Es gibt aber 2 Dinge die Barfen unter bestimmten Umständen tatsächlich besser macht als andere Fütterungsmethoden: 1. Man beschäftigt sich intensiv mit der Ernährung seines Hundes. Das tun viele HH mit Gemischtfütterung zwar auch, aber die manuelle und richtige Zusammenstellung beim RICHTIGEN Barfen verlangt eine wesentlich tiefer gehende Beschäftigung mit dem Thema Ernährung und 2. Hilft es, da man beim RICHTIGEN Barfen JEDEN Inhaltsstoff der Nahrung kennt, bei Unverträglichkeiten und Allergien.
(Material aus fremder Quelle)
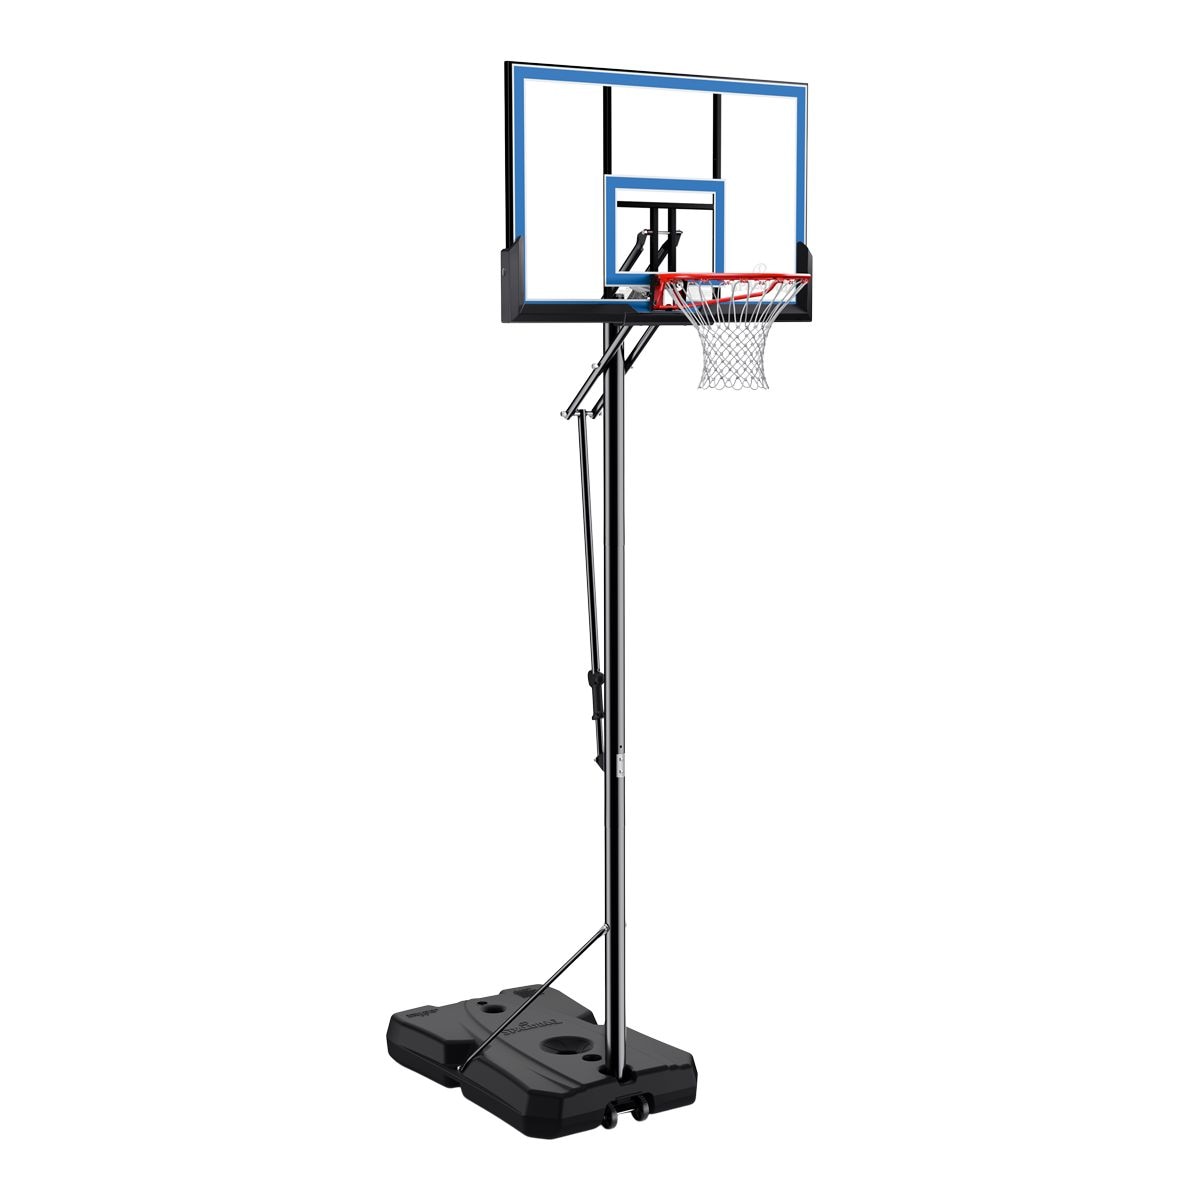 SKLZ Pro Mini Basketball Hoop System

Dazu muss man nicht barfen, sondern das Futter selber zusammenstellen- das geht mit Kochen, Reinfleischdosen, ausgesuchten Stärkequellen usw. Das Kochen macht zudem bestimmte Nahrungsquellen noch deutlich besser verwertbar.

Einen weiteren Vorteil seh ich im Vergleich zum Dosen- und vor allem Trockenfutter in der Frische der Zutaten, vor allem beim Gemüse. Bestimmte sekundäre Pflanzenstoffe verlieren an Wirkung bei zu langer Lagerung oder zu starker Verarbeitung.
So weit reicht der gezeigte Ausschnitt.